By the time McClane gets Matt to D.C., the Prada-clad bad guys have already initiated the first phases of a worst-case scenario takeover of anything controlled by a computer.
Whacked-out traffic signals turn cities into crashed-car parking lots, Anthrax alerts empty government buildings and financial markets implode on bogus trading info. Matt explains that it's the beginning of a "Fire Sale"; everything-must-go Armageddon in hacker-terror parlance.

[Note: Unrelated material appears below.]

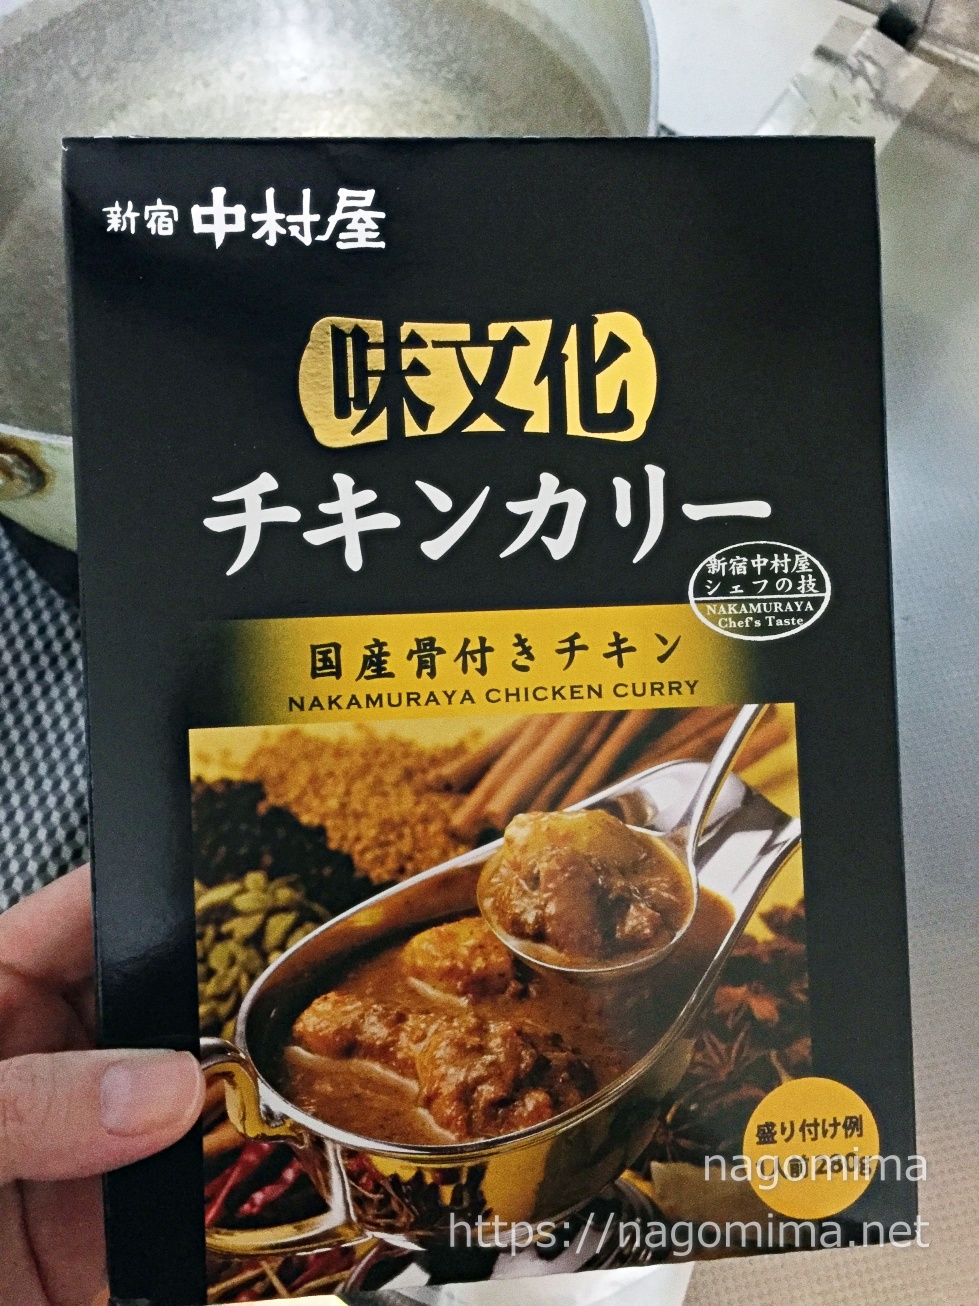 新宿中村屋の高級レトルトカレー「味文化チキンカリー」食べてみた

The guy in charge of the Fire Sale is Thomas Gabriel (Timothy Olyphant), a disgruntled ex government cyber guru who only wants all the money in the USA as compensation. Since he designed the backup system, all he needs are a few laptops and guys with guns to take it all. What he didn't count on was McClane and his new buddy Matt, who fortunately has a laptop of his own.
It's hard to explain how wall-to-wall action is suffused in this detail-heavy plot, but the nonstop mayhem includes several helicopter-to-ground urban battles, many flying and exploding car chases, lots of inventive running, fighting, shooting and jumping sequences and a climactic duel between an armored 18-wheeler, a Harrier jet and a multilevel interstate highway that's beautifully decimated in the process.

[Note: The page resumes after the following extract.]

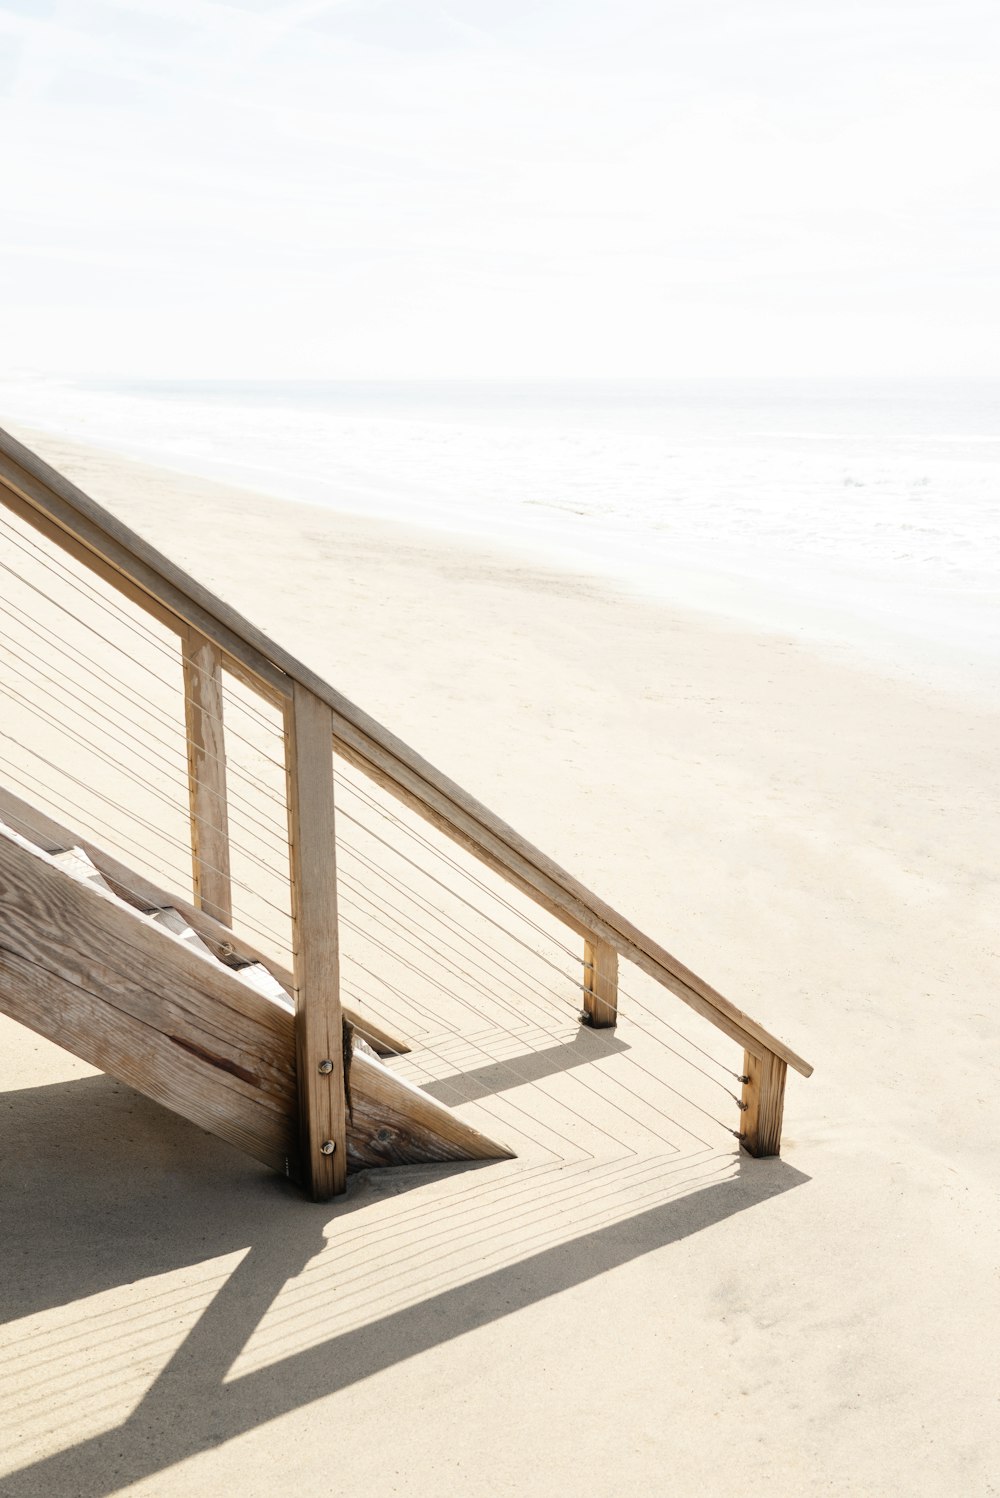 Escalera de madera marrón en la playa de arena blanca durante el día

Along the way there are many, many deaths, and wiseacre McClane reacts with the same glee we do at the more gnarly ones.
Ultimately, "Live Free or Die Hard" so completely slacks our jaw and so successfully suspends our disbelief that the highest praise goes to the crew of first-class technicians who pulled it off. Their motto must have been: If you can think it up, we can make it happen.